I get what you mean but you are very wrong about the stock market and how people react to export bans. Everytime US had restricted control for Nvidia chips in the news over the last few years, the stock price went down not up.
It might be a good marketing trick but it is not a good thing in the stock market given historical trends.
Your view highly screams you only have a superficial understanding of financial markets and you shouldn't extraploate that to "this is how market works because its all hype and everything is vapor"
Anthropic is chasing an IPO, Nvidia is not, creating very different market reactions and incentive structures for the companies. Apples and oranges.
Anthropics reputation as a near-term world-ender boosts their IPO directly.
You can't justify trillions of market cap just serving the US market, and they've just kneecapped their ability to compete anywhere else, it would be delusional to invest on something like this thinking it's going to be a free market, you'd just be indirectly funding the US government ability to use AI against others, especially if you are a non-US citizen (or a subgroup of US citizens they don't like). The near-term world-ending is just pure marketing, they haven't shown anything nearly as impressive as they've been promising, and the software they've produced so far with near infinite access to agents has been very impressively bad.
No, its not apples and oranges. How/why does it boost their IPO directly? Elaborate on this please instead of stating it as an universal fact (because it isn't).

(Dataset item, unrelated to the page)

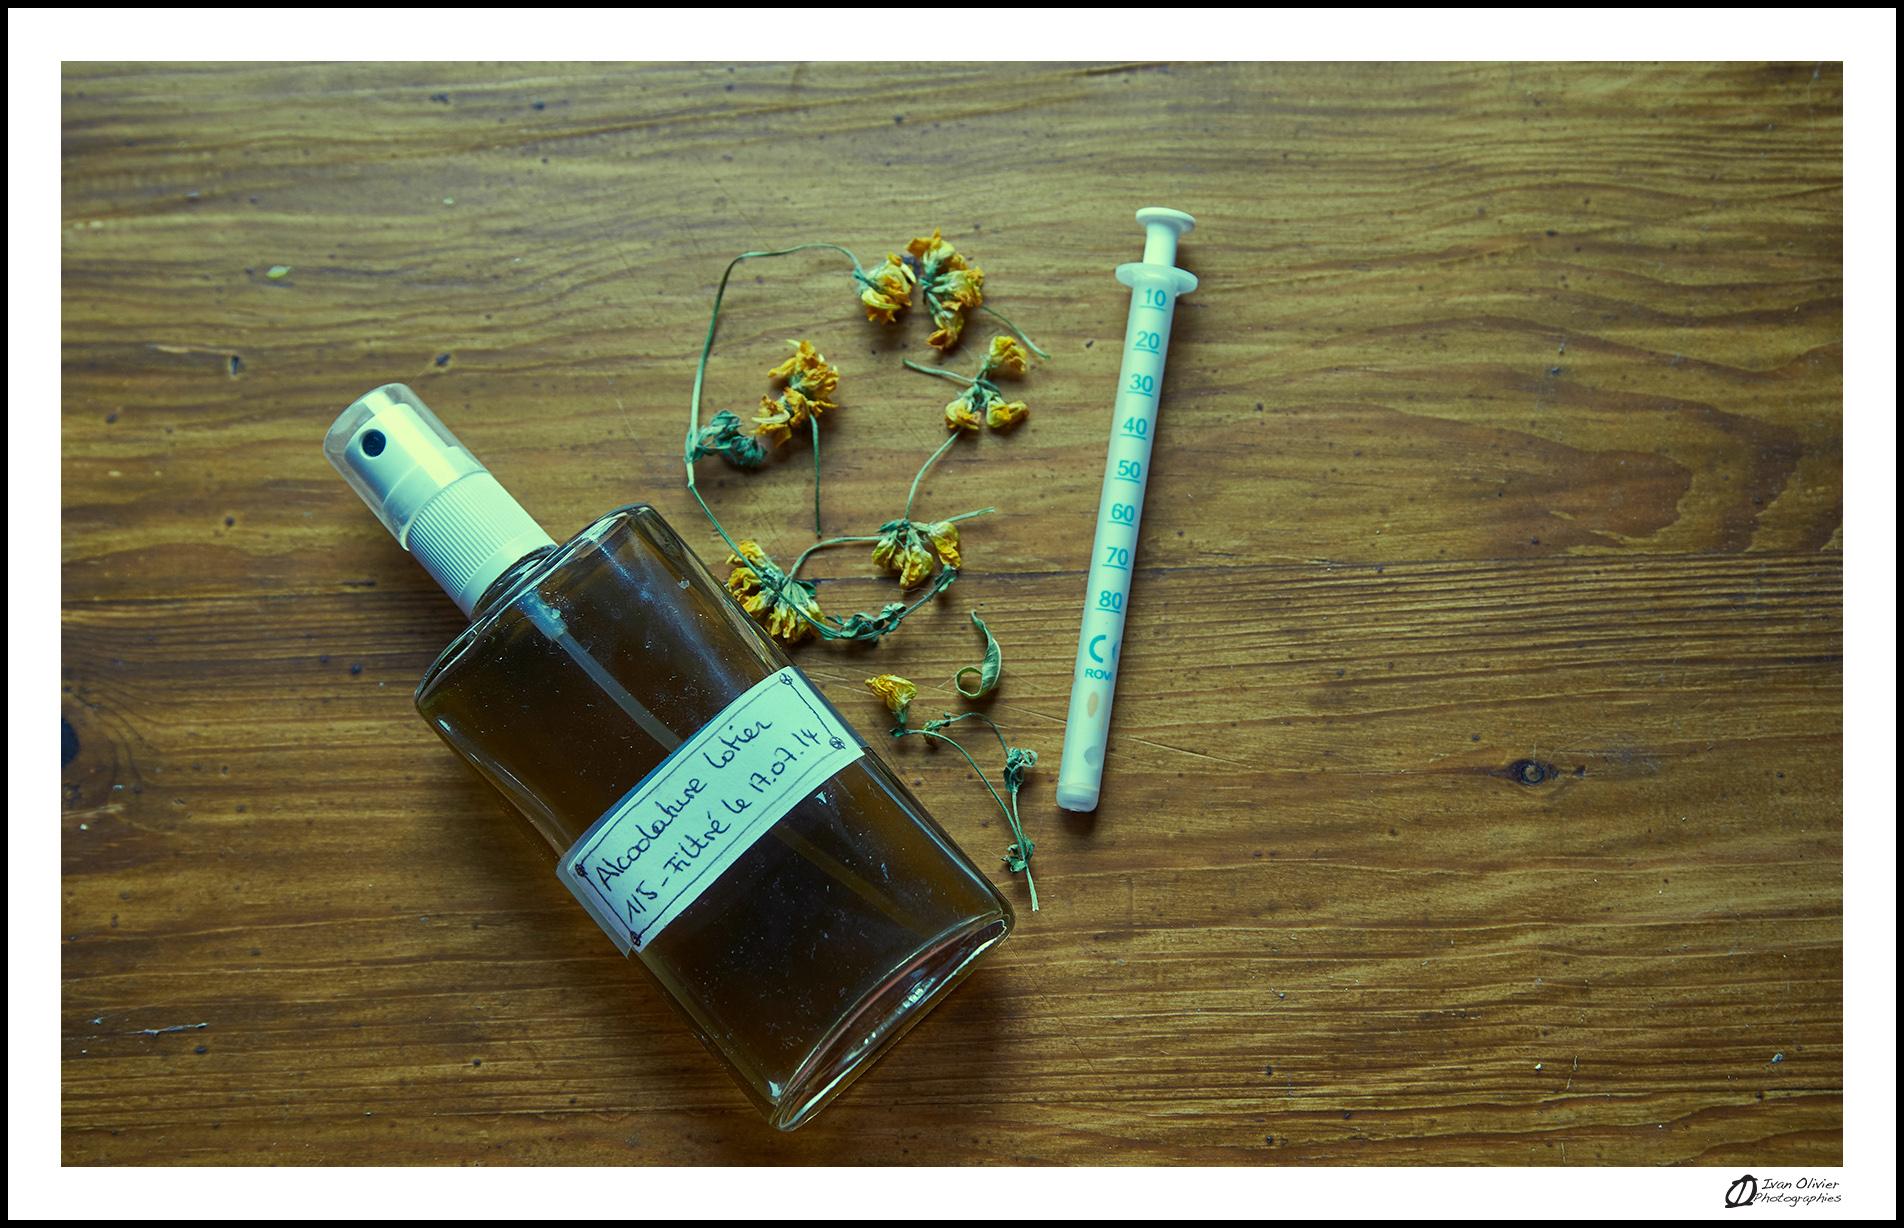 GC - escalade medicinale - cueillette - lotier corniculé lotus corniculatus - ivan olivier photographies (1)
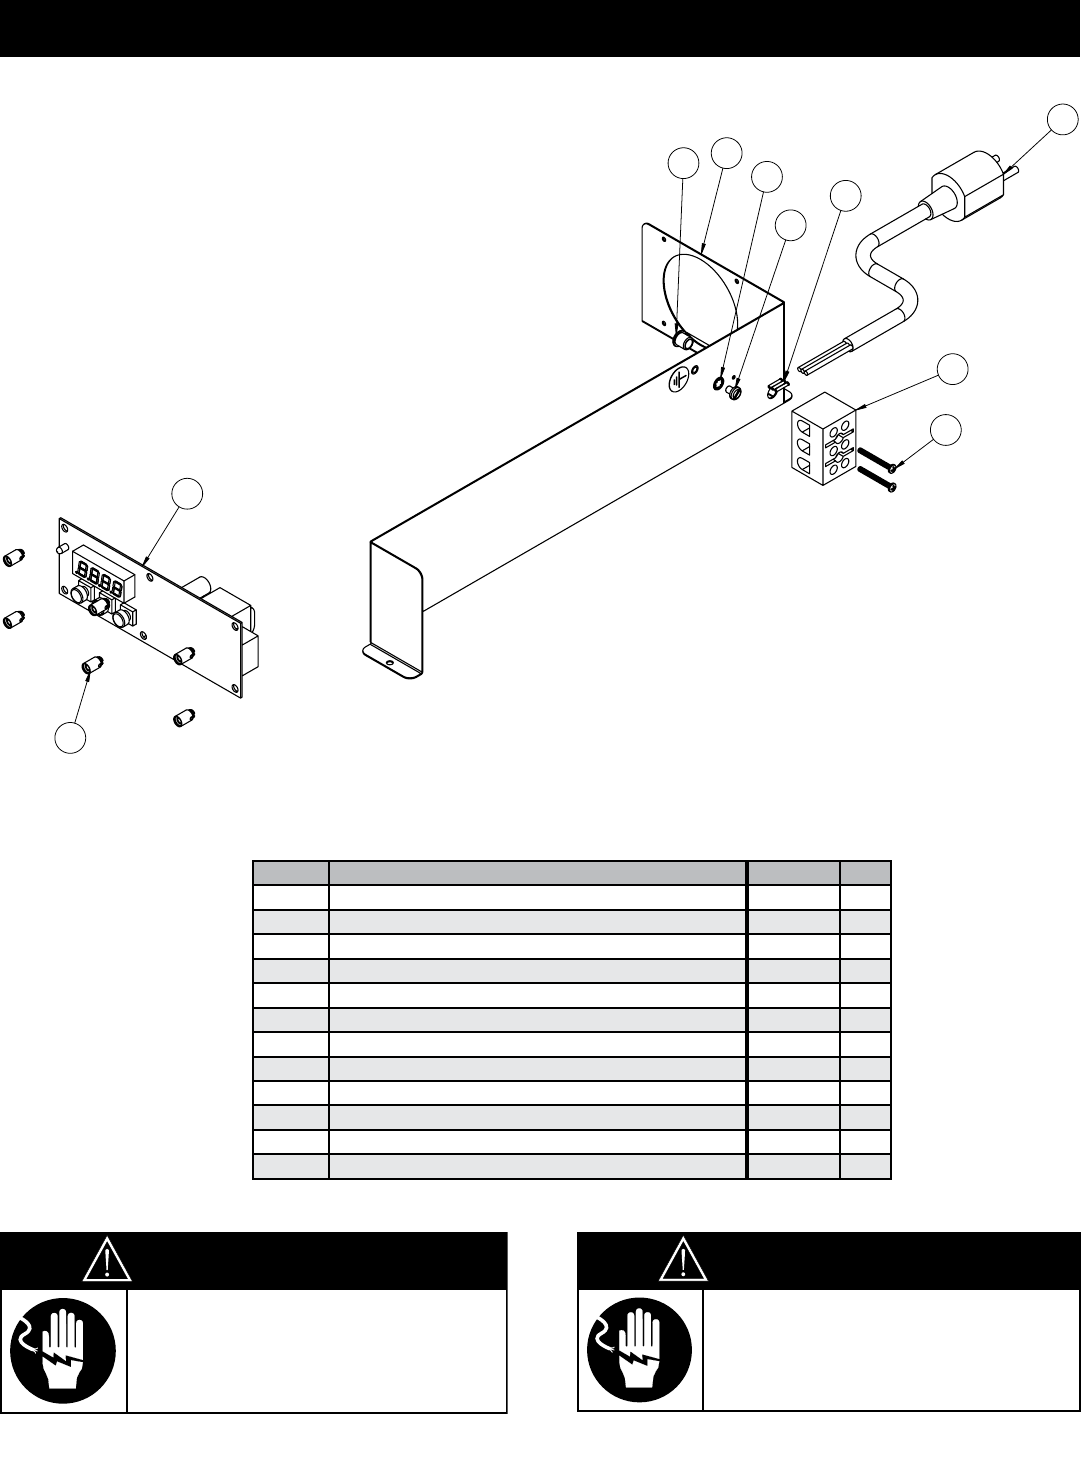 Alto Shaam 1dn Users Manual Wiring Diagram Mn 29742 Rev 1 04 13 Drawer Warmer Installation Operation Service 21

I feel you are just talking a hypothetical without having any basis. You think it'll have an impact on IPO directly and that it will be a positive one. But you have no proof or historical precidence for the same. Meanwhile we have historical proof that markets reacts negatively when a company is blocked by the government on selling their top products freely. And that is most likely going to happen here as well.
Public perception might be changed by these "ohhh its so scary guys" marketing but these don't translate to actual market perception when it comes to actual facts and numbers on the financials.